We have arrived to the last stop in our South American wandering. Although, properly speaking, we are not in America anymore, but rather in the eastern border of Polynesia. Easter Island was the result of one of Mother Earth's whims : this particular time, her restlessness gave birth to a little 163 km² bit of land in the middle of nowhere.


Today part of Chili, it was first inhabited by Polynesians who, being great sailors, discovered and colonised it since the 4th century. Indeed, people features as well as the local language and folklore feels more Polynesian than Latin American. At our arrival to the airport we were greeted by the manager of the camp site we had booked into with a flower necklace and the word 'iorana', which in rapanui language can be used for 'welcome', 'hello' or 'bye bye'.

The island is an oasis in the middle of the ocean and the atmosphere is really laid-back, even if the population of the only settlement, Hanga Roa, has increased a lot lately together with the influx of tourists : from 3000 inhabitants in 2003 to almost 6000 in 2006. Prices, specially those of food, are 3 to 4 times more expensive than in the continent. In spite of it, the tourists we have met there looked like your average middle class guys. However, a 5 star hotel is being built and since resources are not unlimited and overpopulation is starting to be a problem (in terms of water supply and waste treatment) I am not sure whether this is going to last for long.

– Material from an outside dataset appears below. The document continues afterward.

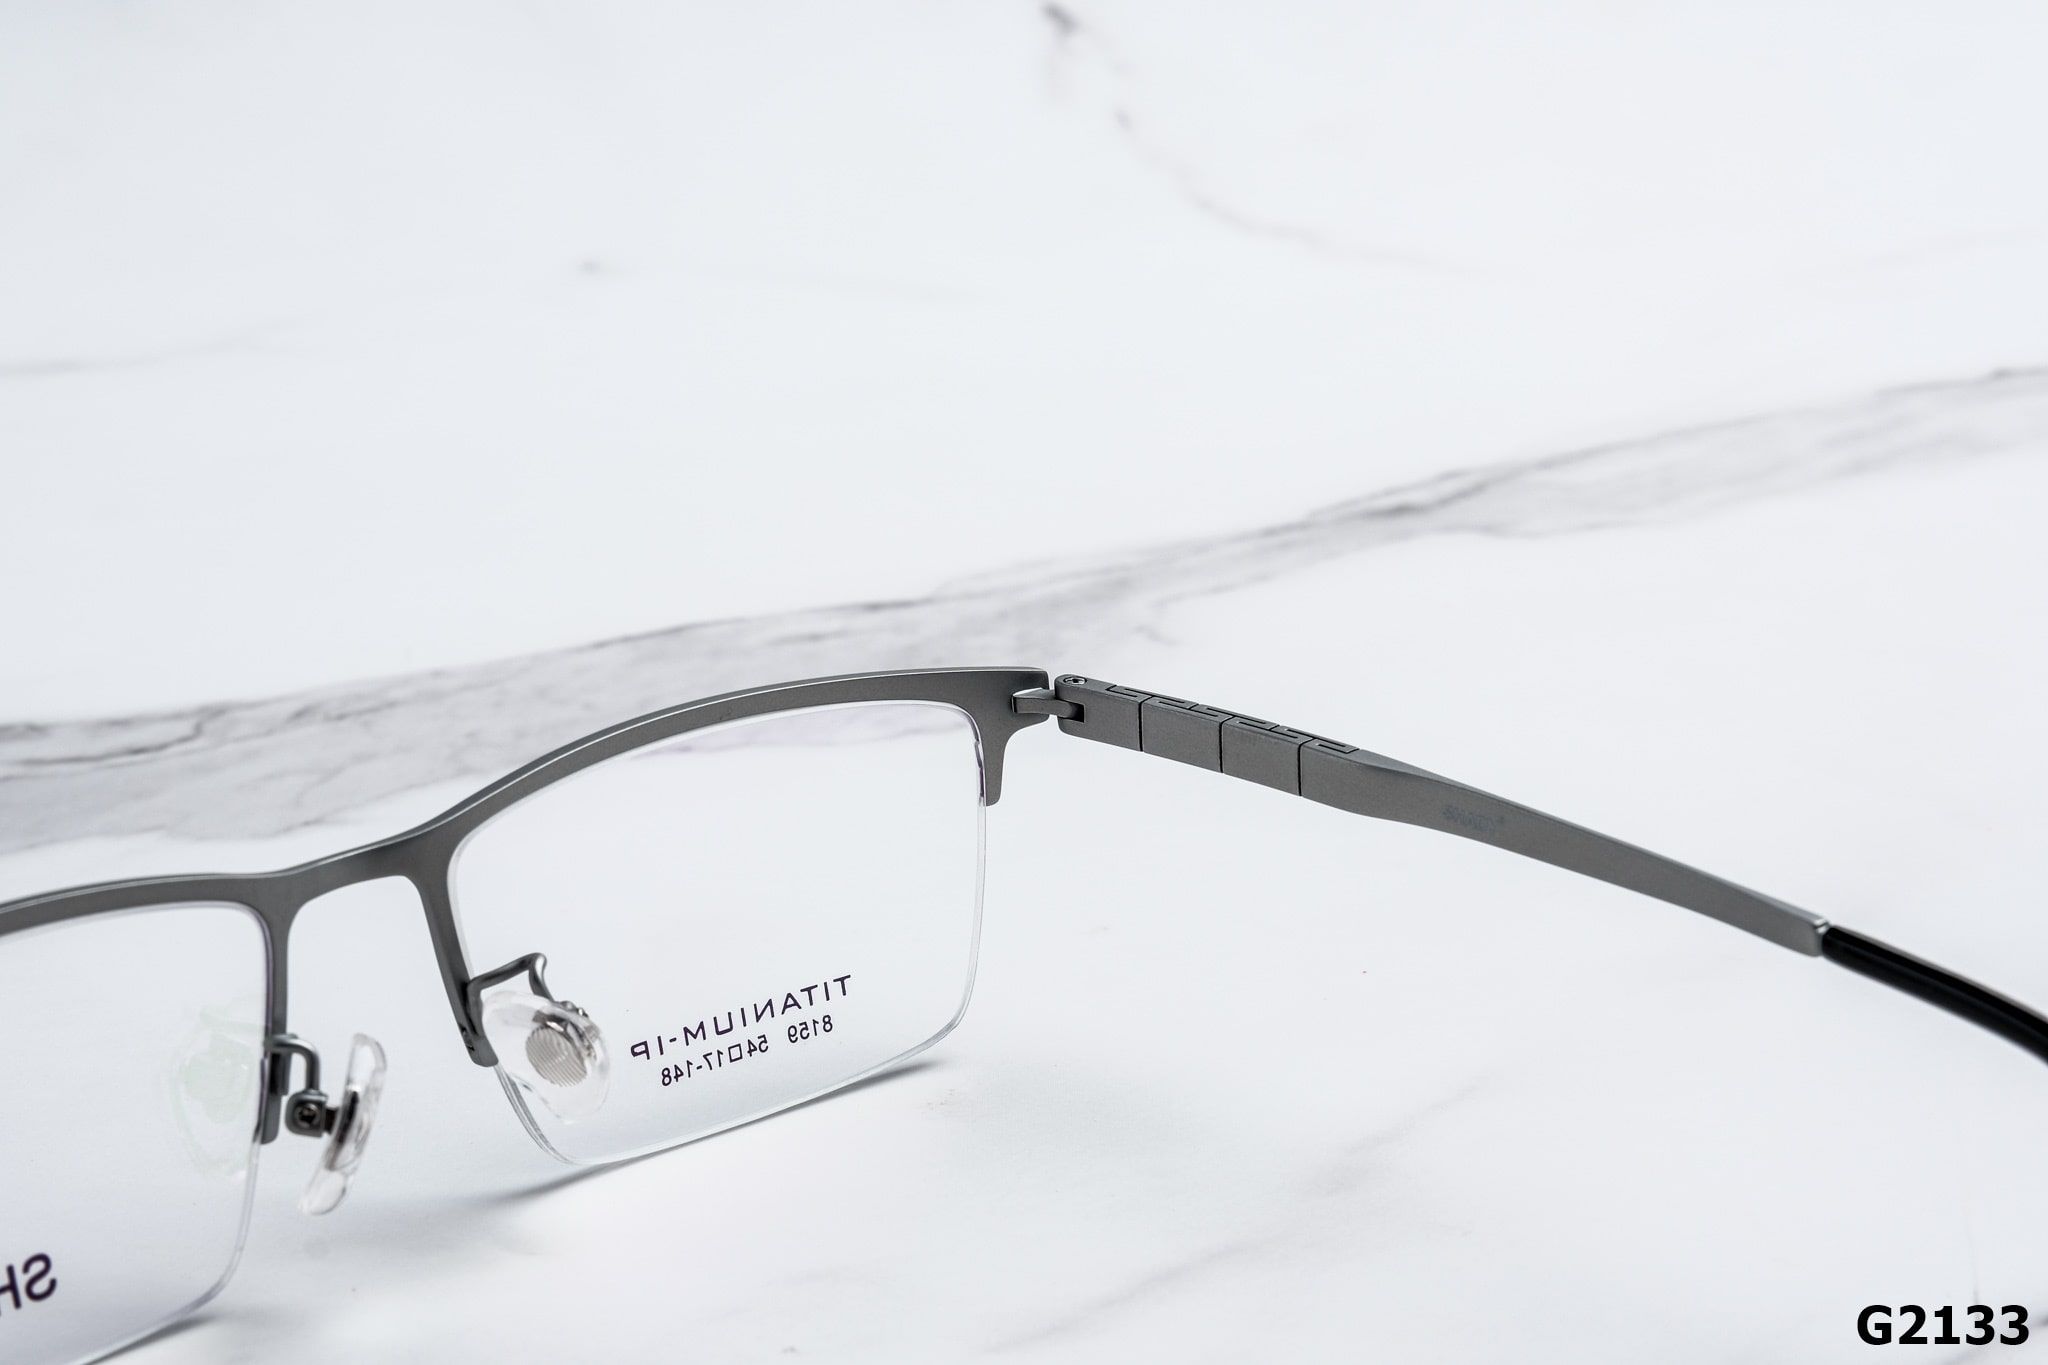  SHADY Eyewear - Glasses - G2133

But for the time being, the atmosphere is really easy-going. Everybody says hello when crossing in the street, we got easily a lift to get from one side of the village to another (in the back of the pick-up when the inside is full) and we were even invited to come home for a coffee by a gentlemen who picked us in his car.

The weather was indeed quite rainy, mostly during the nights. We felt lucky to have been able to rent a room in the camping rather than just a tent. Specially when we could hear all night long the rain tap dancing on our roof and the wind blowing and, on the morrow, we saw half the people camping getting their sleeping bags out to dry.

Even with the occasional rain, Easter Island is much closer to my idea of a tropical paradise than Ushuaia will ever be. No waterfall, but we enjoyed a bath in the only sand beach of the island and we went diving with Henri (a french guy who used to work for Cousteau, but 30 years ago happened to be sent on a mission to the island, met a girl, and decided to stay).


To get to see the different moai sites spread over the island, we rented 4x4 for a few hours. It was a good choice at it happened because the roads have a beautiful collection of potholes and muddy puddles. I was surprised at the number of moais on the island, almost a thousand, and at the distance from the place they were carved, at the feet of a volcano, to the different points of the coast were they were erected. Another proof that human craziness has no limits.

Another mind-blowing thing is the number of horses. Practically the only mammal or farm animal we have seen : no sheep, neither goats nor pigs, just a few skinny cows, some hens wandering on people yards and, other than that, horses and more horses. What they do with them remained a mystery to us.

The time has come to kiss Latin America goodbye. It is a sour-sweet feeling. It is hard to leave so much we have enjoyed our 4 months here. On the other side, we are heading to New Zealand, so who would not be happy about it? We are eager to get to kiwi land and try our first couch-surfing experience there.